- WORK ITEM: Pictures are to be left out, and the rest of the records reproduced exactly.

- DATA RECORDS:
**********
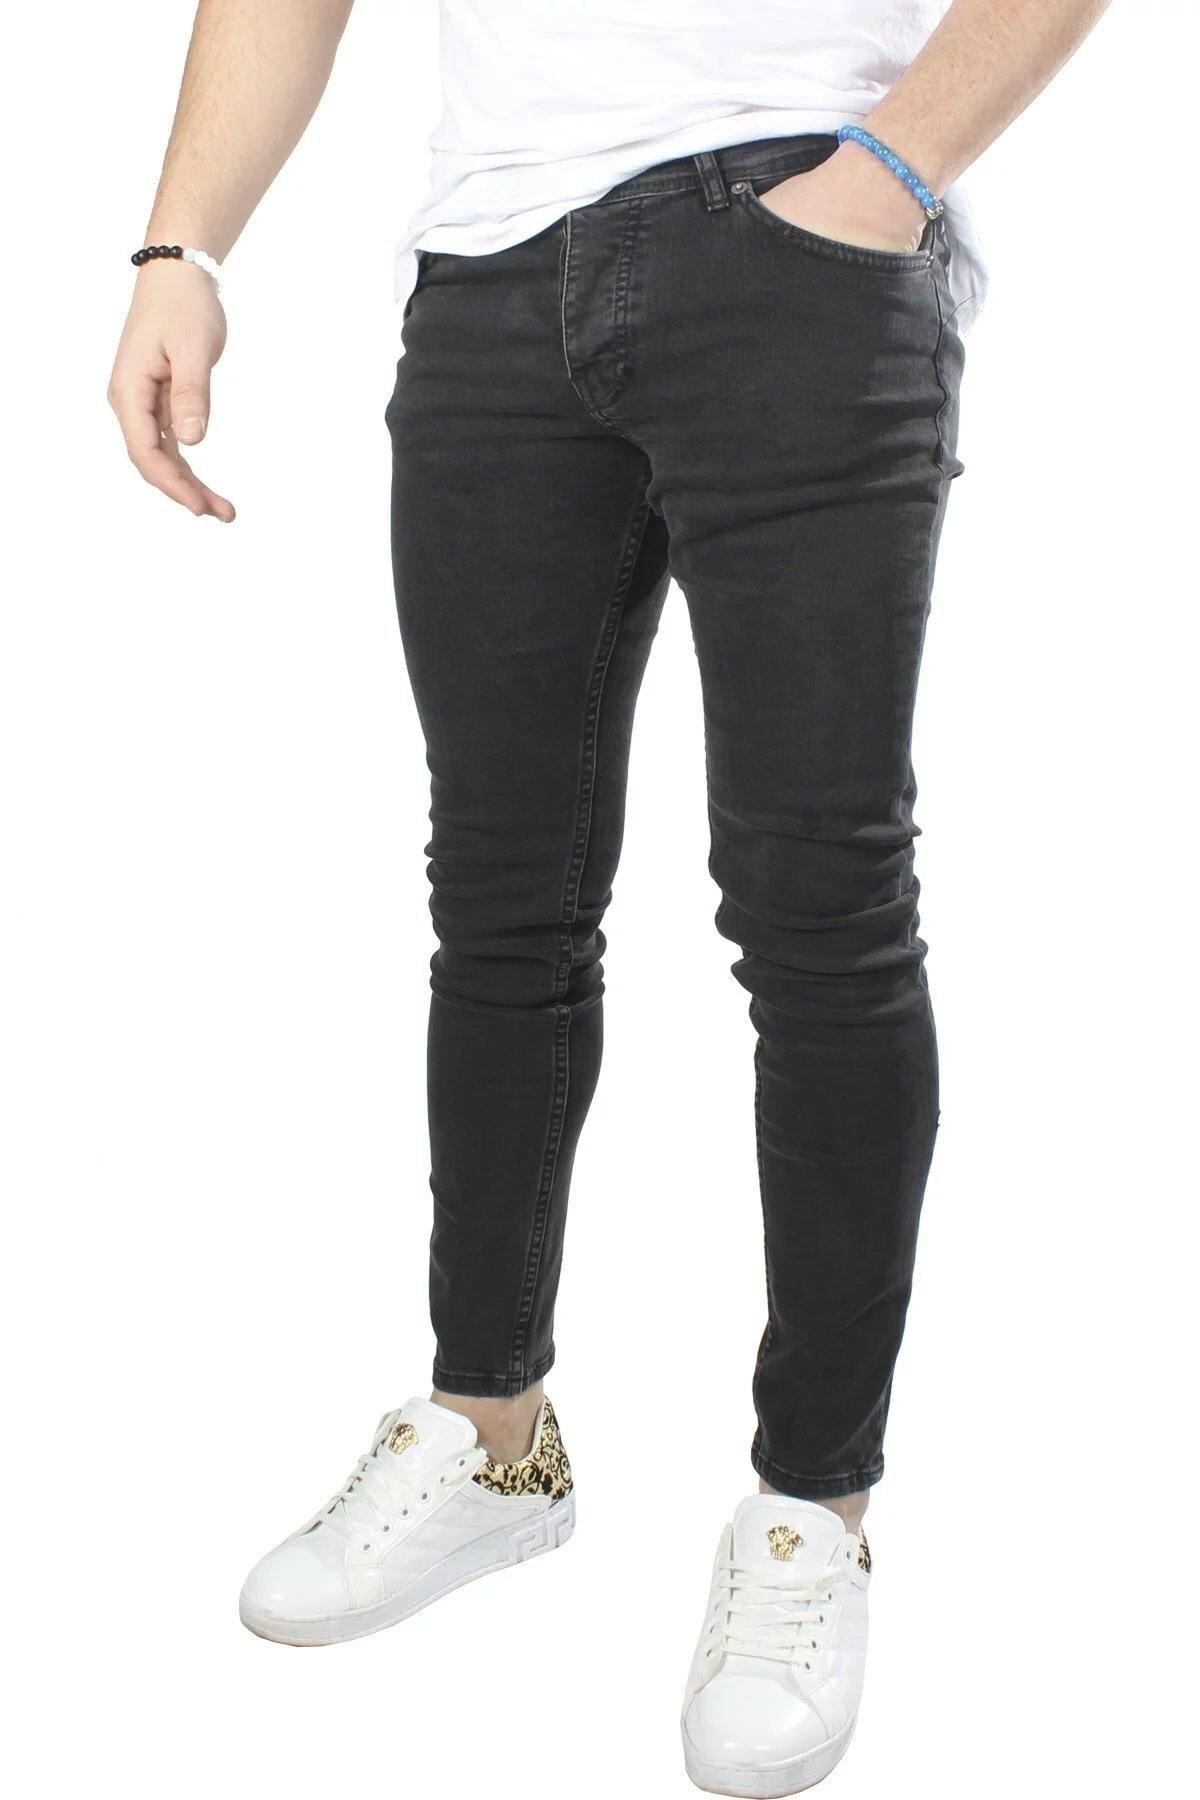 Terapi Men Erkek Kot Pantolon 9K-2100342-035 Füme
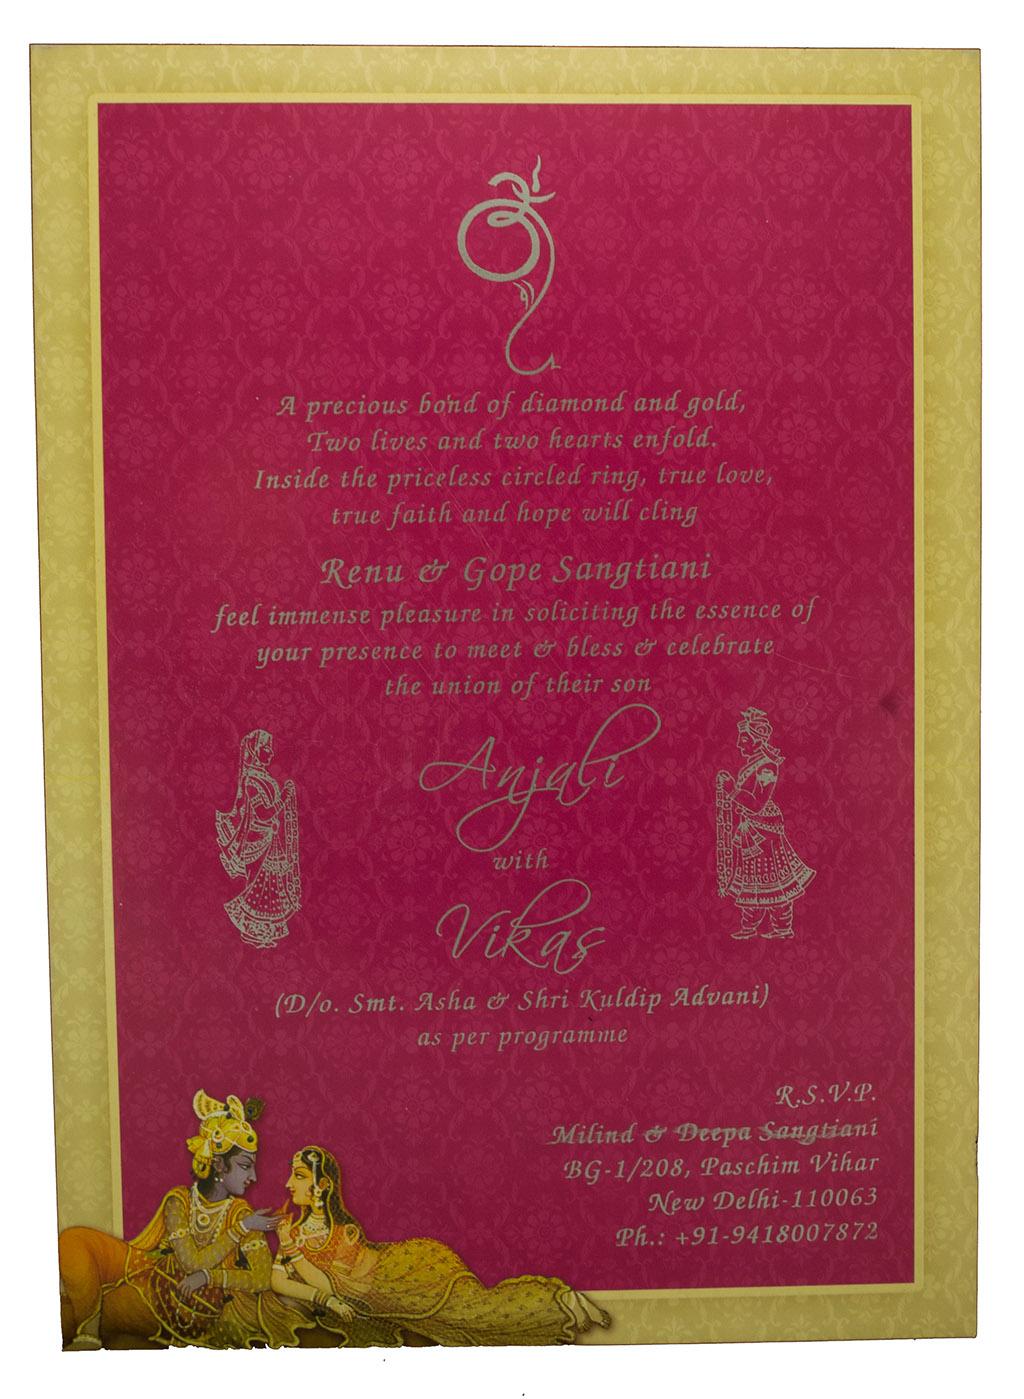 Radha Krishna themed wedding invite with narrative images
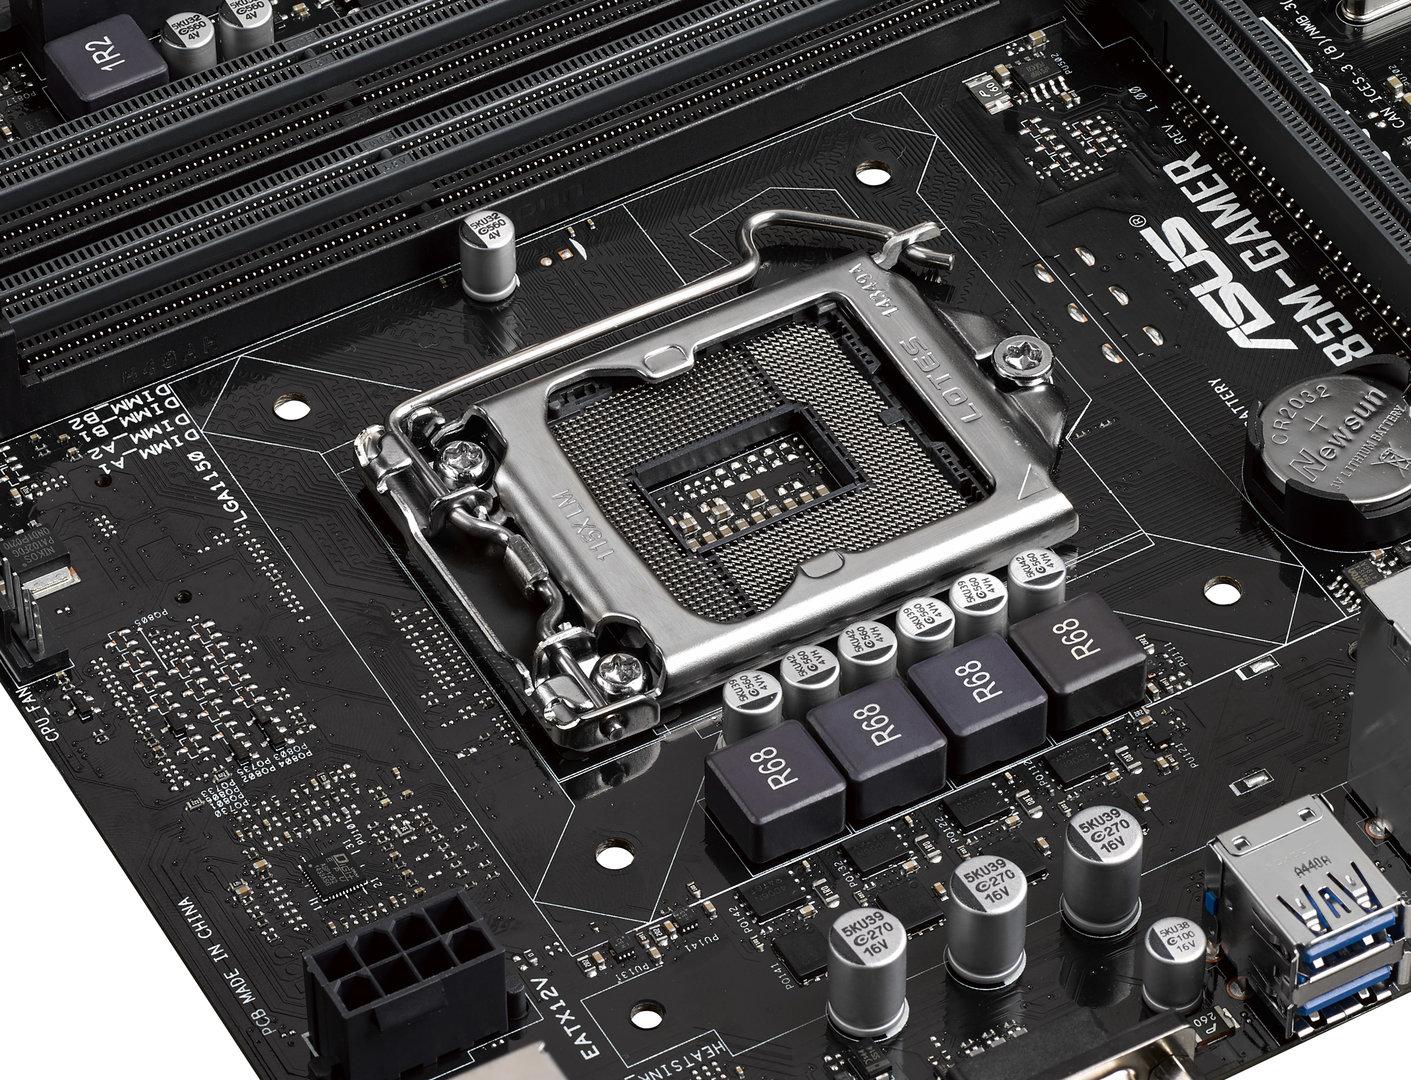 Asus B85M-Gamer – CPU-Sockel mit Spannungsversorgung
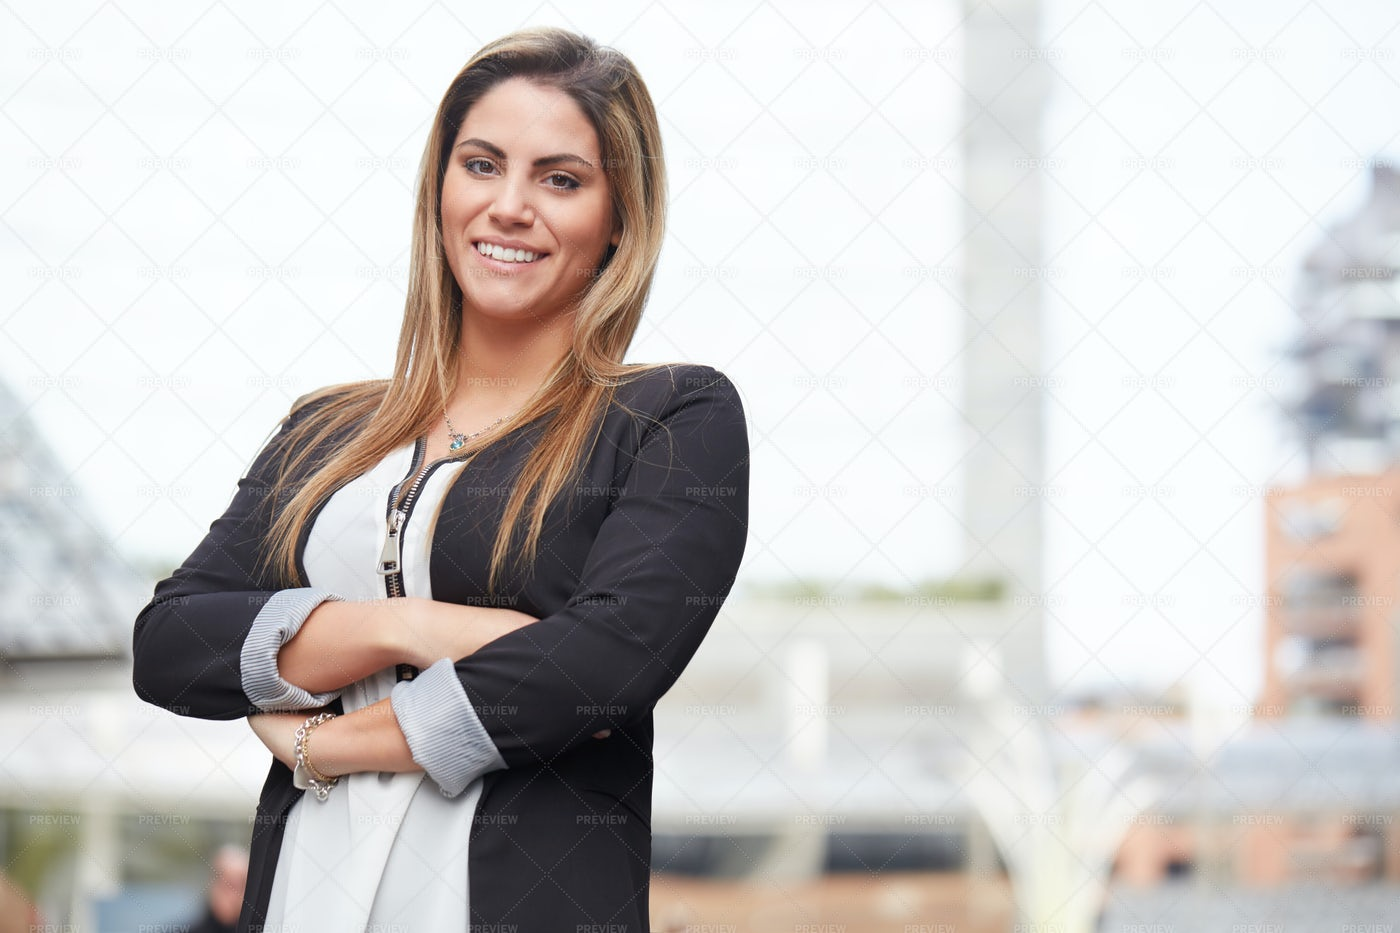 Businesswoman In Urban Environment: Stock Photos
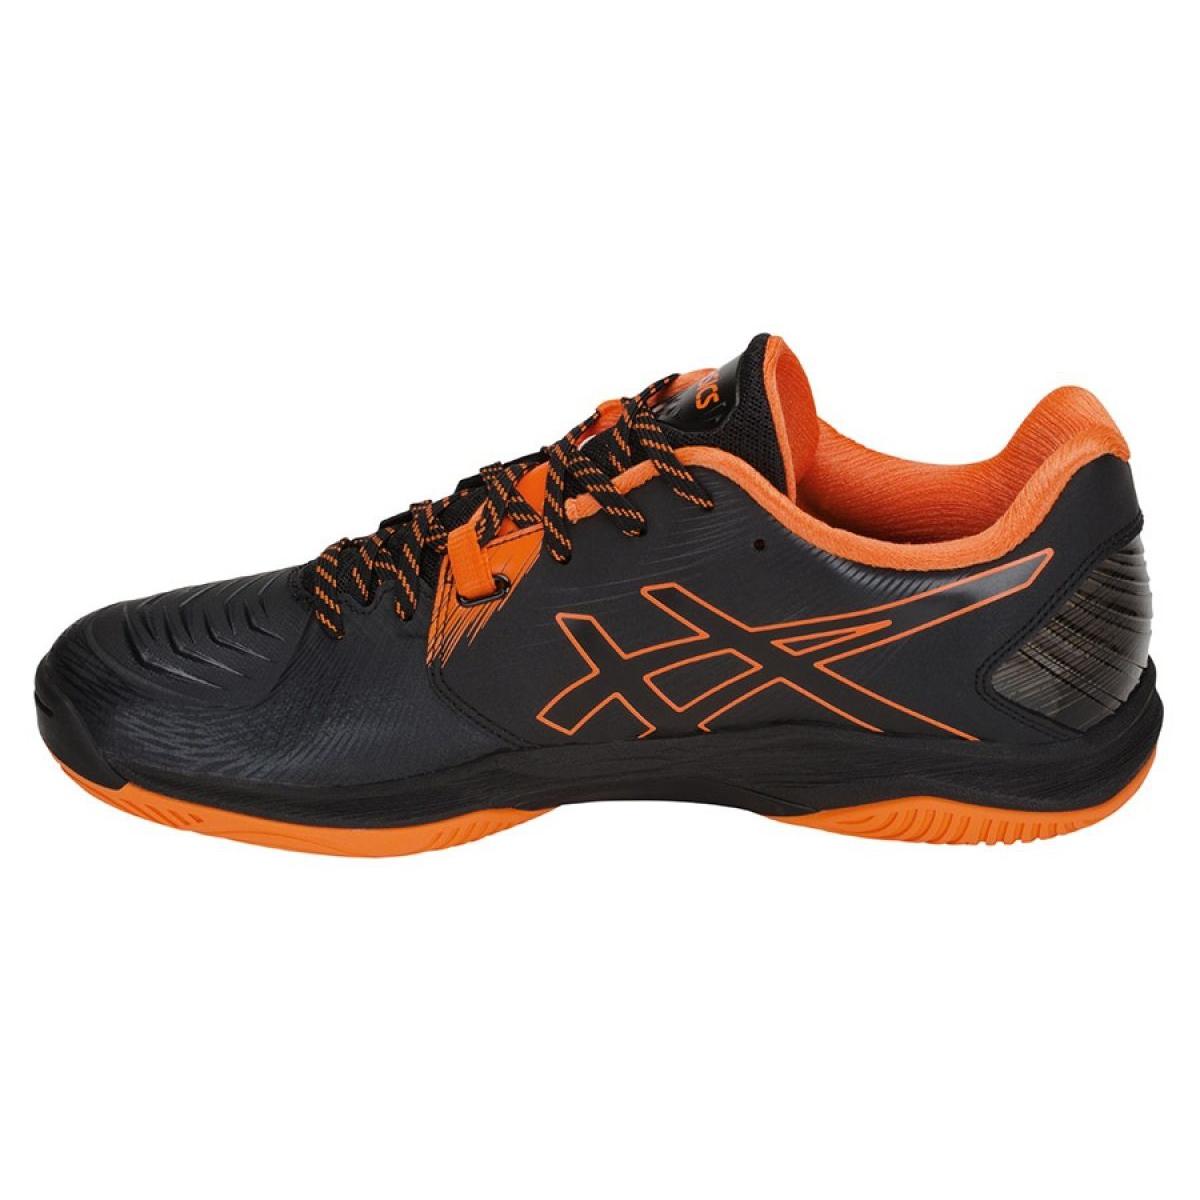 grand choix de 59d38 867b0 Handball shoes Asics Blast Ff M 1071A002-601
**********
- ANSWER BELOW:
 Terapi Men Erkek Kot Pantolon 9K-2100342-035 Füme
 Radha Krishna themed wedding invite with narrative images
 Asus B85M-Gamer – CPU-Sockel mit Spannungsversorgung
 Businesswoman In Urban Environment: Stock Photos
 grand choix de 59d38 867b0 Handball shoes Asics Blast Ff M 1071A002-601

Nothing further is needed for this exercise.